The Northern cities of Italy have always been fascinating and beautiful. For example, the courts of Mantua and Ferrara were at the cutting edge of art and culture during the 15th and 16th centuries. It’s exciting enough to consider the lives and works of artists like Andrea Mantegna and Leon Battista Alberti in Mantua, Cosimo Tura and Dosso Dossi in Ferrara, and the powerful rulers who patronised them from the Gonzaga and Este families. But both cities boasted equally important women who were politically and culturally significant in their own right. Isabella d’Este, sister of Duke Alfonso I d’Este of Ferrara and wife of Marquis Francesco Gonzaga of Mantua, was one of the most important patrons of art of the Renaissance. The famous Lucrezia Borgia was married to her brother and contributed significantly to the cultural life of Ferrara. Another sister-in-law, Elisabetta Gonzaga, would preside over the cultured court of Urbino, inspiring Baldassare Castiglione to write his Book of the Courtier.

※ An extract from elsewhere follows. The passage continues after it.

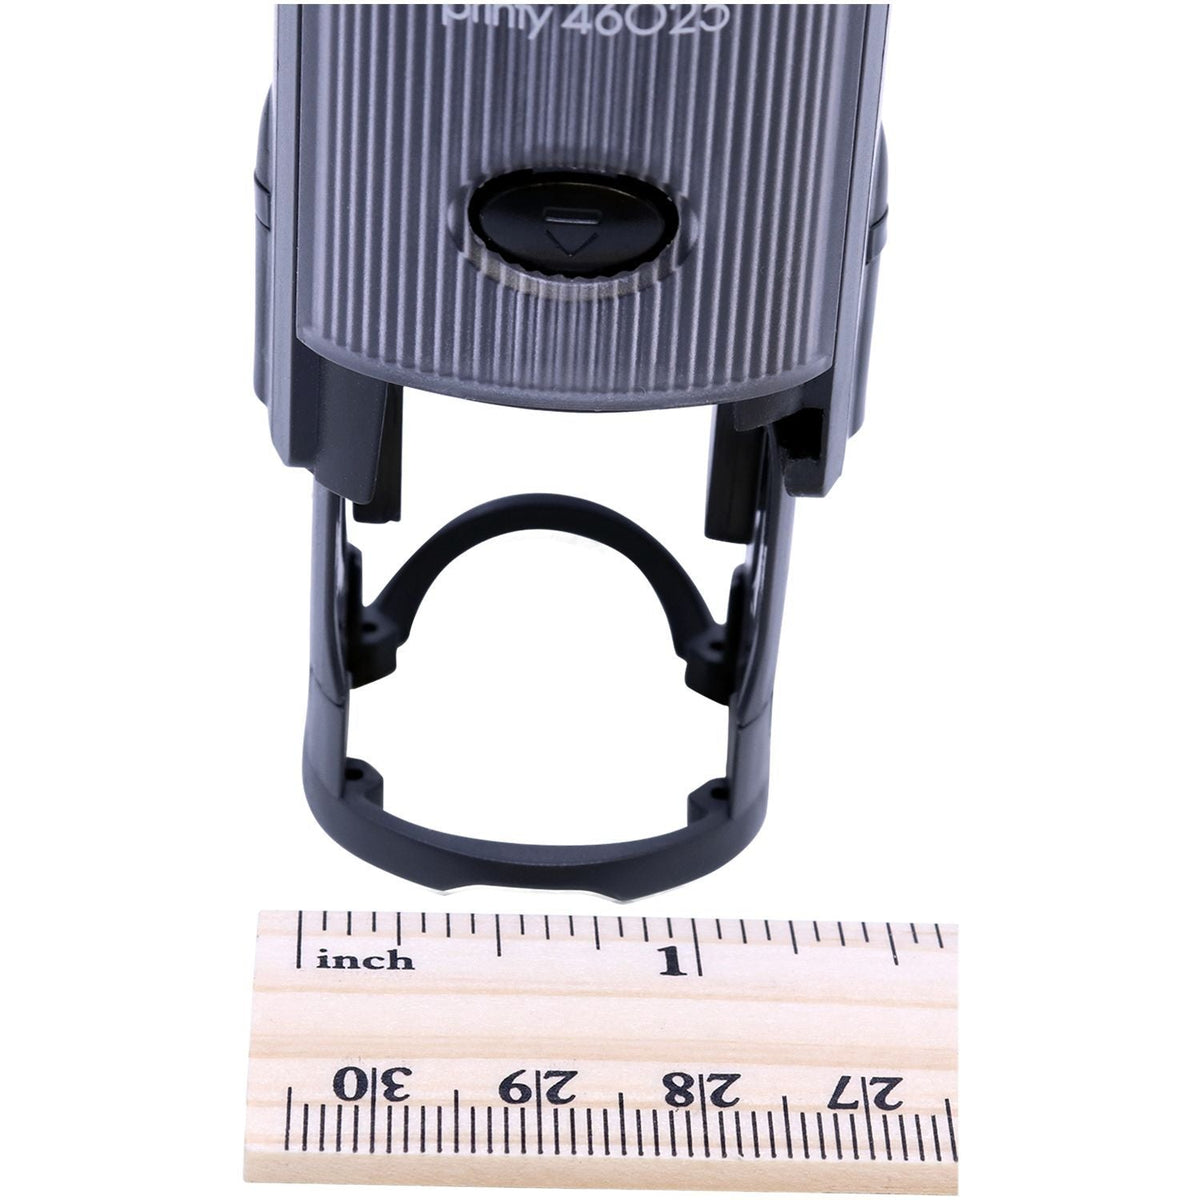 Measurment of Self-Inking Round FYI Stamp with Ruler

Music was at the centre of court life in Ferrara. Alfonso d’Este and Lucrezia Borgia would also commission artists such as Giovanni Bellini and Titian to decorate their palace, and in Mantua Isabella’s son, Federico II Gonzaga, would commission Giulio Romano to design and decorate the most extraordinary pleasure palace in Italy, the Palazzo del Te, just outside the city.
If that’s not reason enough to visit, both cities are famous for their food and wine.